The mock spectrum discussed in the previous section is part of an ensemble of $10\times 10$ mock spectra spanning the entire $(\langle x_{\mathrm{HI}}\rangle,\log t_{\mathrm{Q}})$ parameter grid (see Section 3.4). Each sightline contains an IGM transmission profile drawn from the realistic reionization topology, and hence we can also determine true $\log N_{\mathrm{HI}}^{\mathrm{DW}}$ and $r_{\mathrm{patch}}$ values based on the underlying pre-quasar HI density field of each sightline. Having available the ground truth of all four parameters $\langle x_{\mathrm{HI}}\rangle$ , $\log t_{\mathrm{Q}}$ , $\log N_{\mathrm{HI}}^{\mathrm{DW}}$ and $r_{\mathrm{patch}}$ , we can readily perform coverage tests with respect to the unconverted posterior distributions $P(\log t_{\mathrm{Q}},\log N_{\mathrm{HI}}^{\mathrm{DW}},r_{\mathrm{patch}}|\mathrm{\boldsymbol{f}})$ , as well as the full four-dimensional converted ones $P_{\mathrm{top}}(\langle x_{\mathrm{HI}}\rangle,\log t_{\mathrm{Q}},\log N_{\mathrm{HI}}^{\mathrm{DW}},r_{\mathrm{patch}}|\mathrm{\boldsymbol{f}})$ , and arbitrary marginals thereof.777Note that before performing any of these coverage tests, we marginalize over all nuisance parameters $\boldsymbol{\eta}$ related to the quasar continuum since we are mainly interested in the coverage on the astrophysical parameters $\boldsymbol{\theta}=(\langle x_{\mathrm{HI}}\rangle,\log t_{\mathrm{Q}},\log N_{\mathrm{HI}}^{\mathrm{DW}},r_{\mathrm{patch}})$ .

We show the results of these coverage tests in Figure 6, where we depict the expected coverage probability $C_{\alpha}$ as a function of the credibility level $\alpha$ , which, in the optimal case, should follow the black dashed one-to-one relation.
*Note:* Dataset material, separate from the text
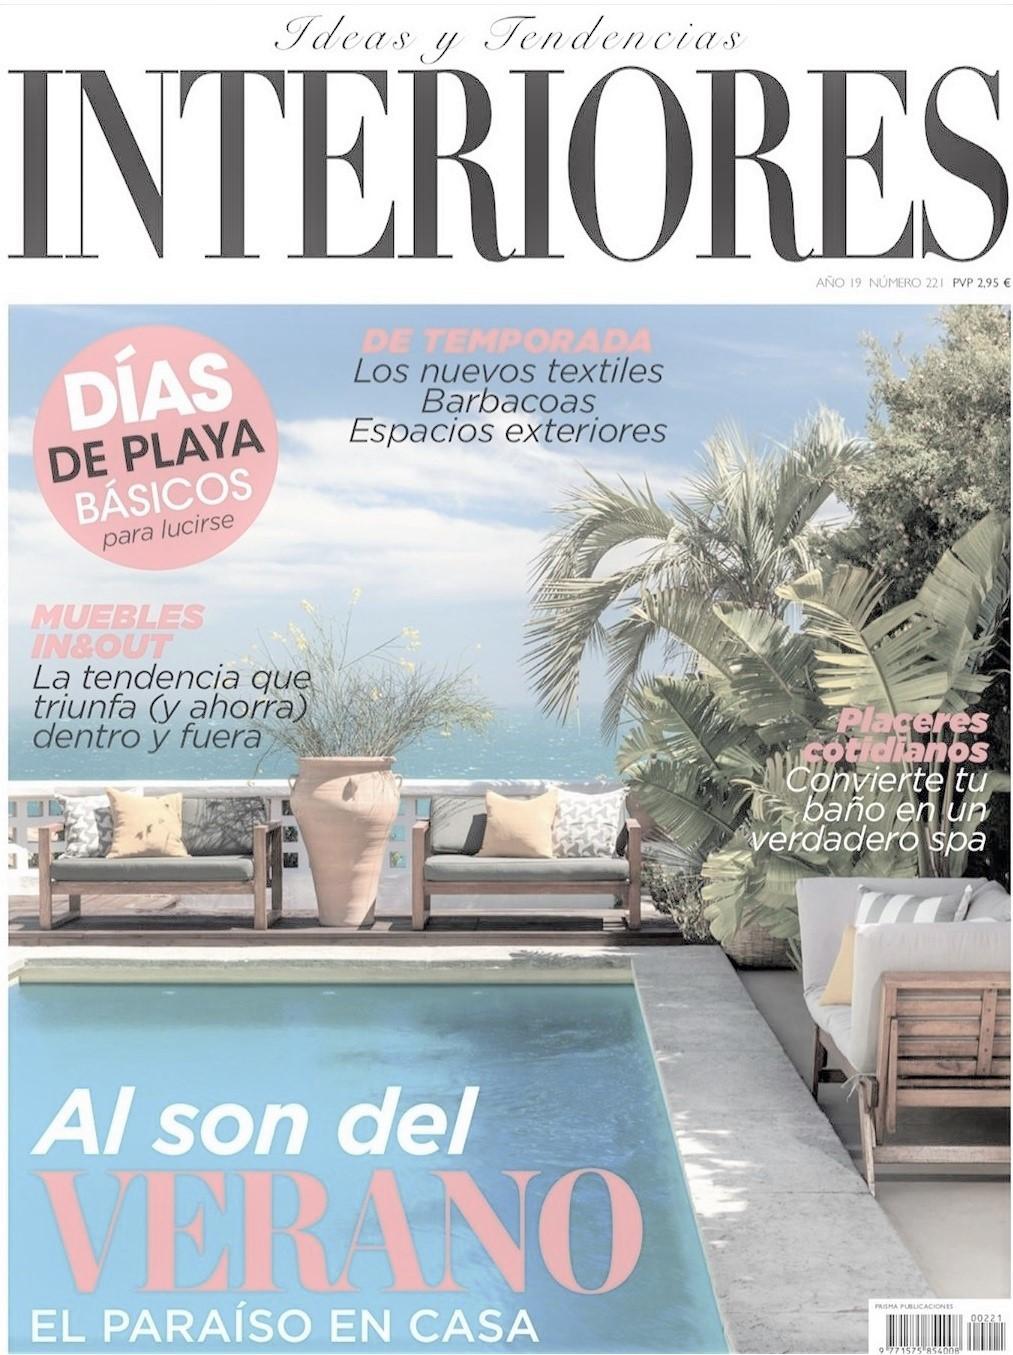 Interiores El bello verano – 1 ENG

Firstly, we see that the coverage probability of our local parameter inference (solid black curve) stays consistently below this line, and is therefore overconfident. This is likely because of the Gaussian approximation of the IGM transmission likelihood (Eq. 13), which Hennawi et al. (2025b) identified as the main source of overconfidence in their global parameter inference pipeline. We reproduce their findings by performing a second coverage test on the directly inferred parameters $\langle x_{\mathrm{HI}}\rangle$ and $\log t_{\mathrm{Q}}$ , based on the same ensemble of mock spectra. The overconfidence of this coverage curve, depicted in yellow in Figure 6 (see also the left-hand panel of Figure 11 in Hennawi et al., 2025b), is somewhat more mild than in the local parameterization (black). The reason for this is likely that the local parameterization has removed a notable degree of scatter from the IGM transmission profiles. While this additional amount of scatter acts as a major additional source of uncertainty for the final parameter constraints (Kist et al., 2025c), it also aids the inference by gaussianizing the likelihood function according to the central limit theorem. Our Gaussian approximation to the IGM transmission likelihood (which applies in both cases) is therefore slightly better justified in the global parameterization than in the local one, leading to the somewhat better (but still suboptimal) coverage behavior.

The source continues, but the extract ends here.